Data section ▸
■ ■ ■ ■ ■

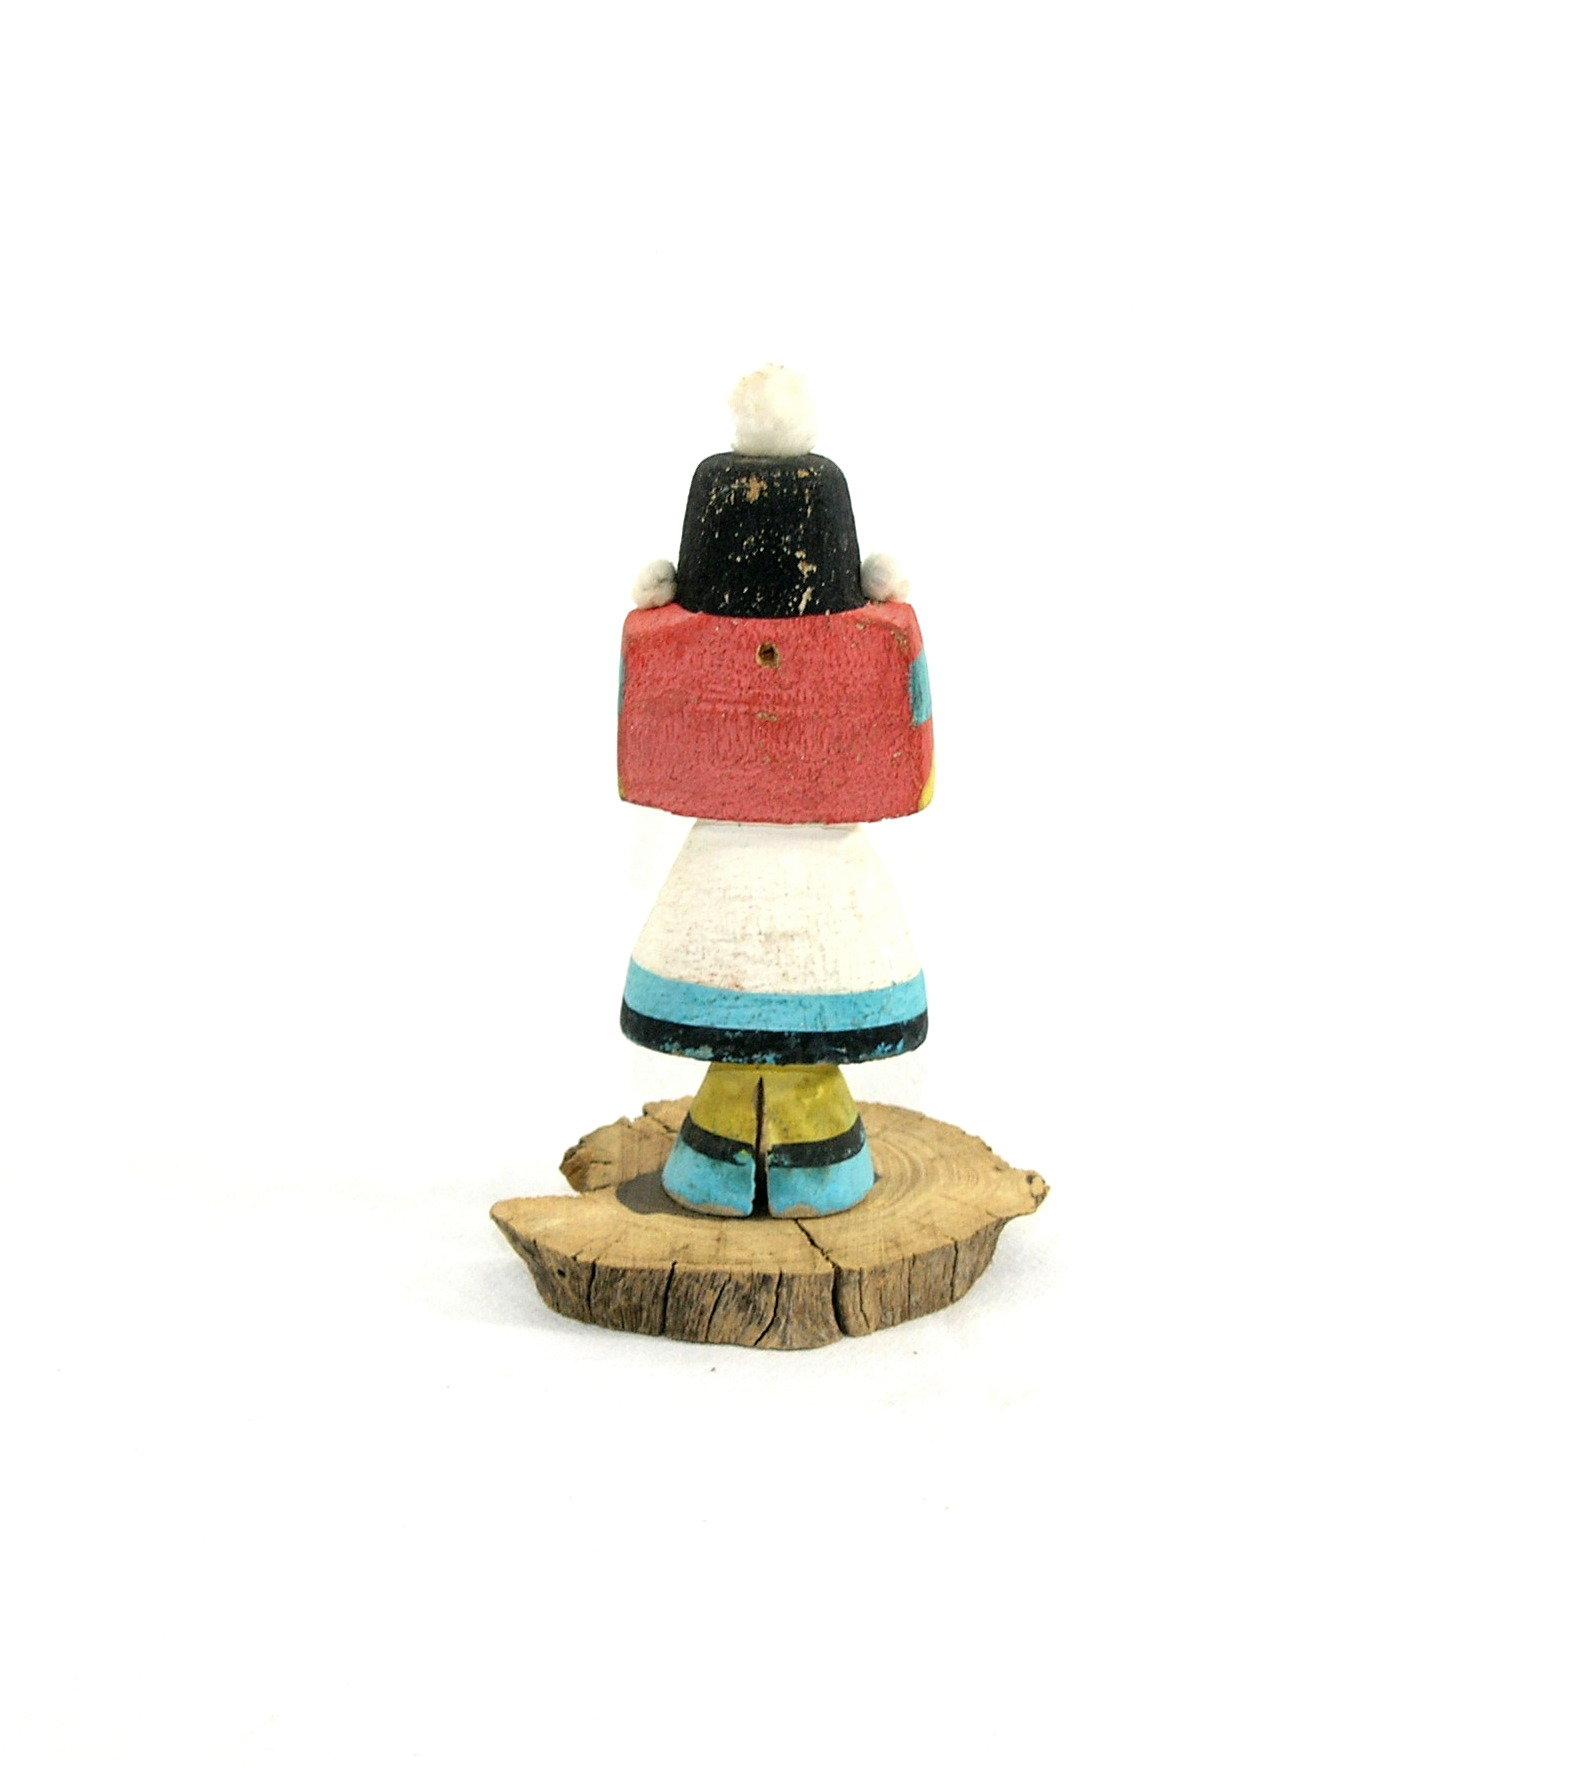 Native American Pueblo Indian Wooden Kachina Doll.   6" Tall
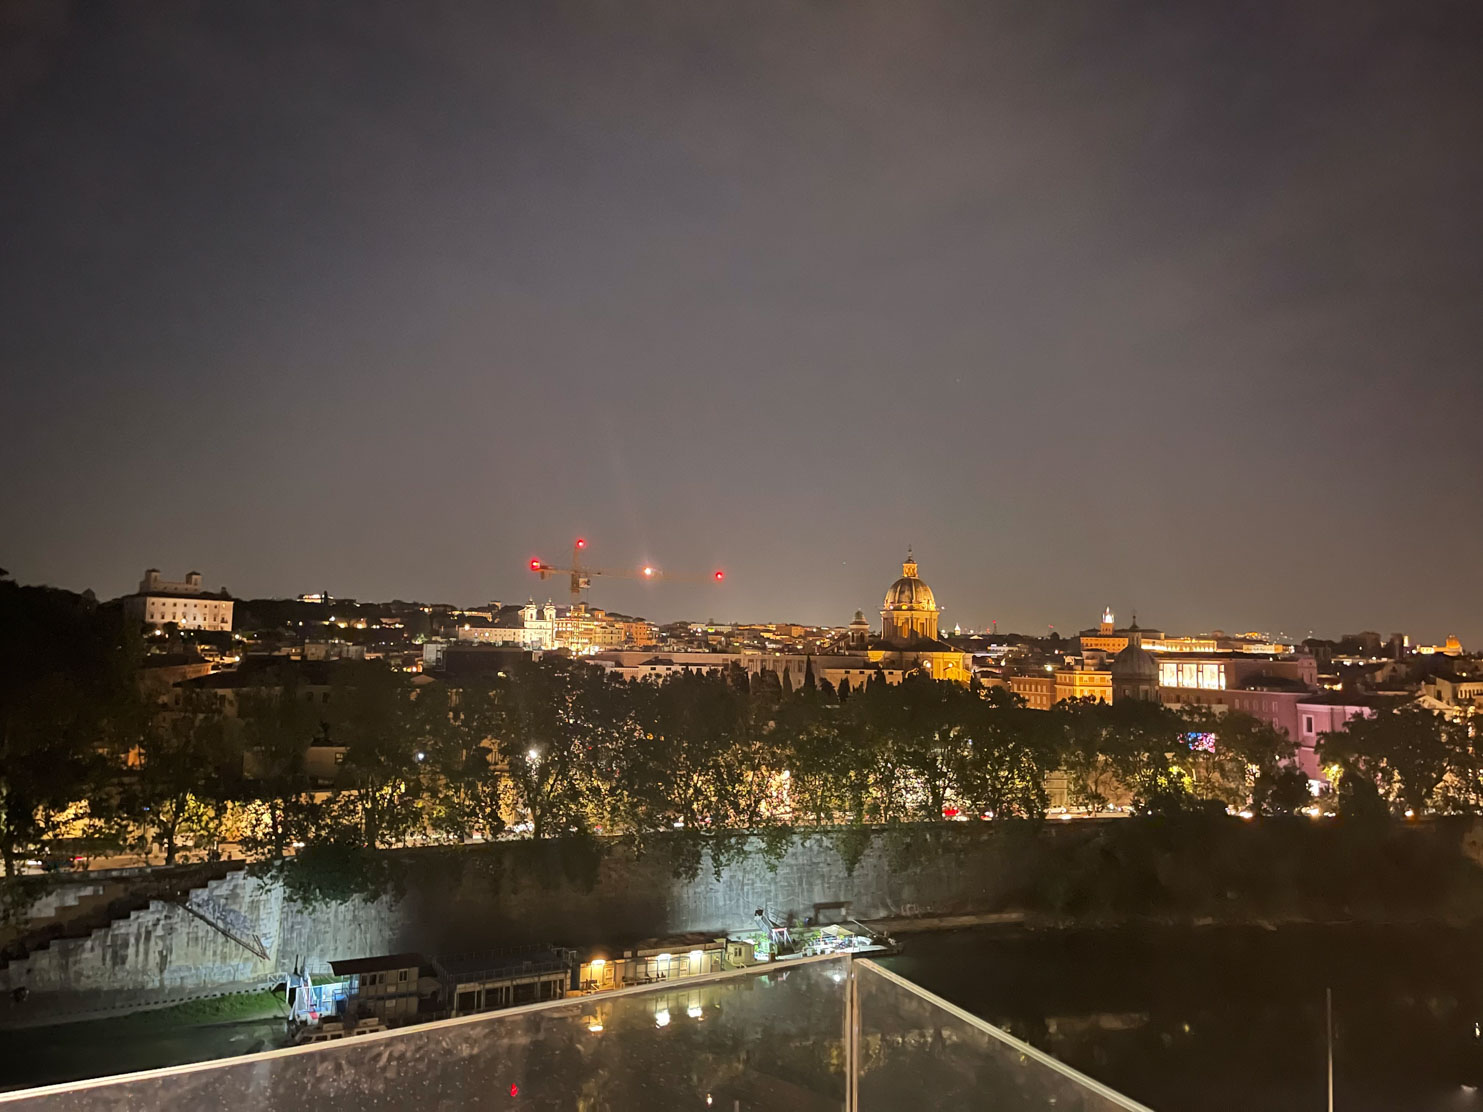 The First Musica The rooftop bar Alto is a vibe and has 180 degrees views of the Eternal City and the Tiber River
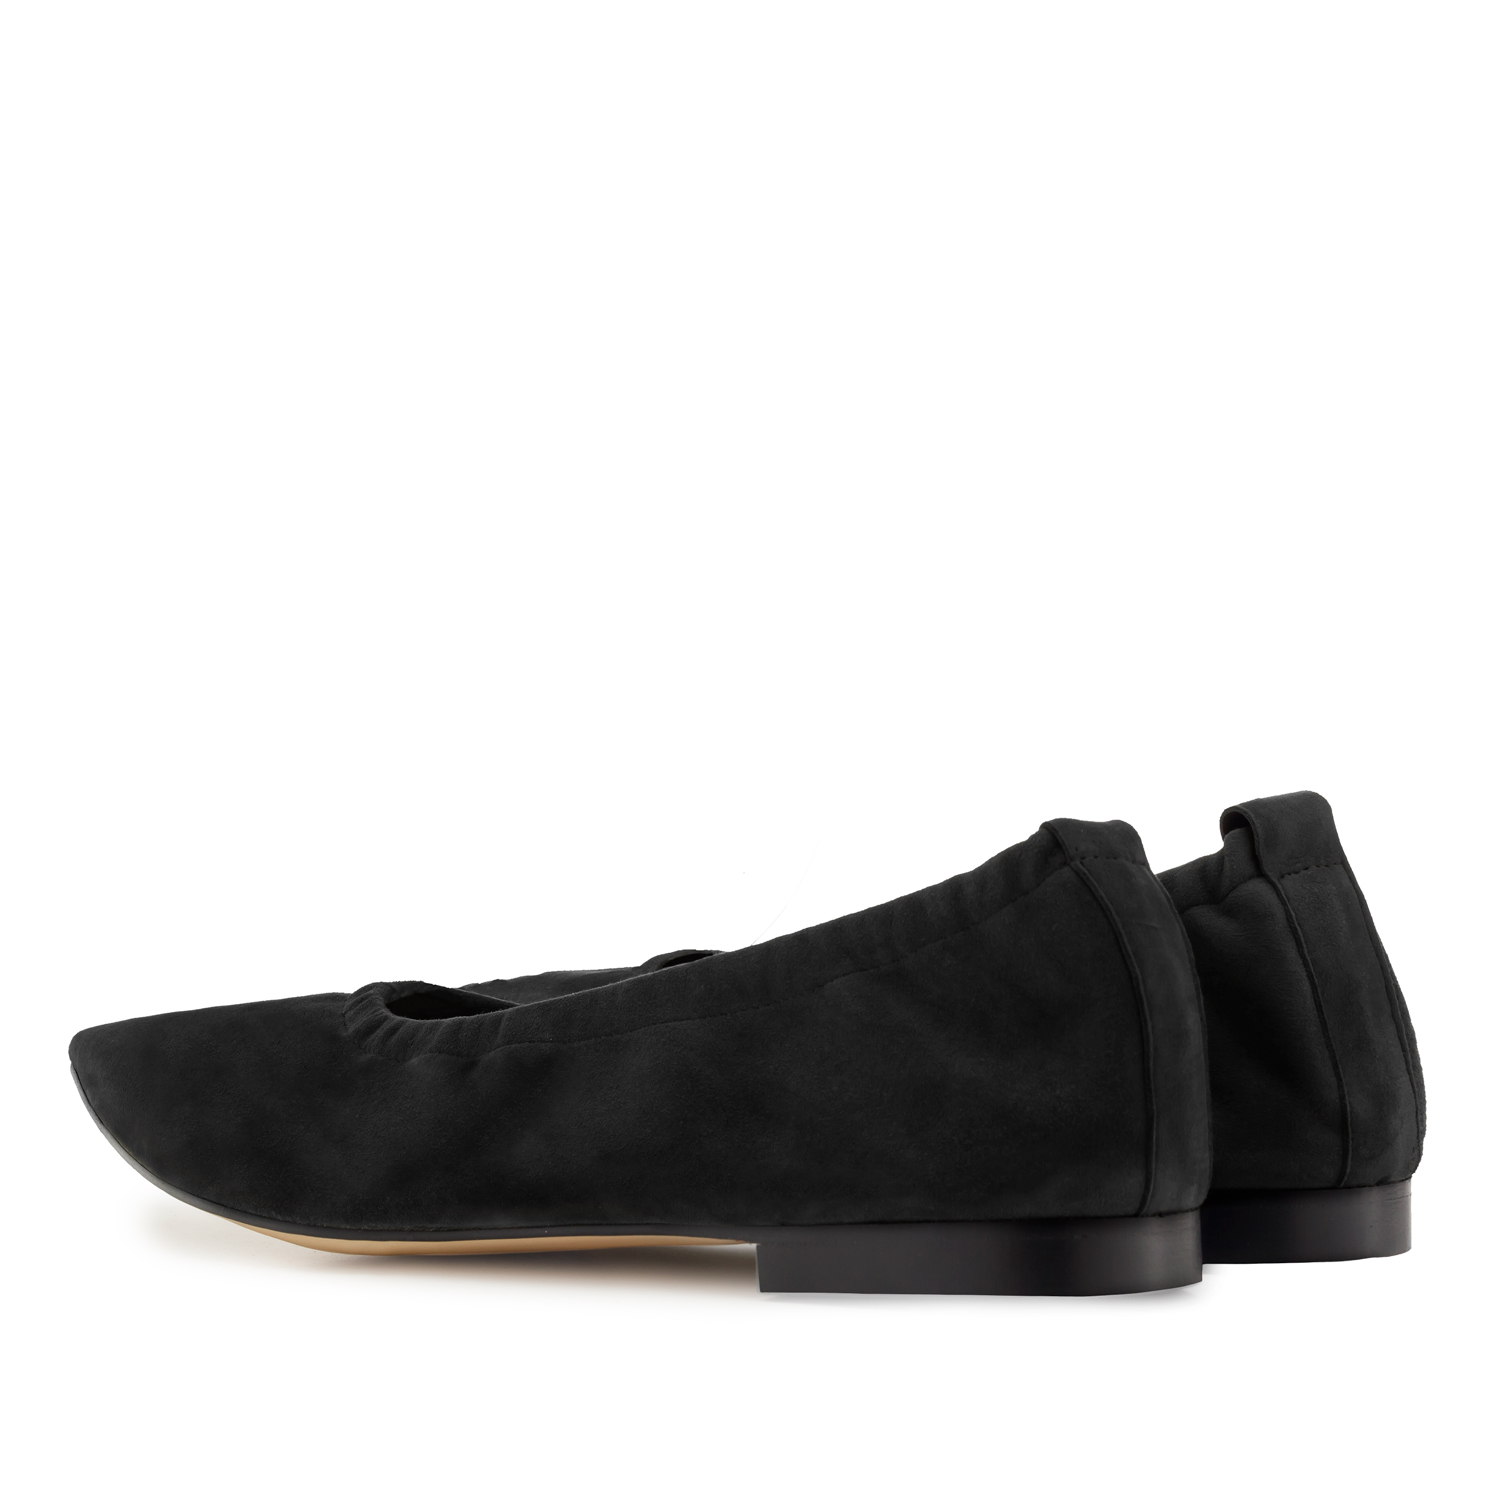 Elasticated Ballet Flats in Black Suede Leather

■ ■ ■ ■ ■

What is being asked ▸ Give back the listing exactly, with the pictures removed.

Response area ▸
 Native American Pueblo Indian Wooden Kachina Doll.   6" Tall
 The First Musica The rooftop bar Alto is a vibe and has 180 degrees views of the Eternal City and the Tiber River
 Elasticated Ballet Flats in Black Suede Leather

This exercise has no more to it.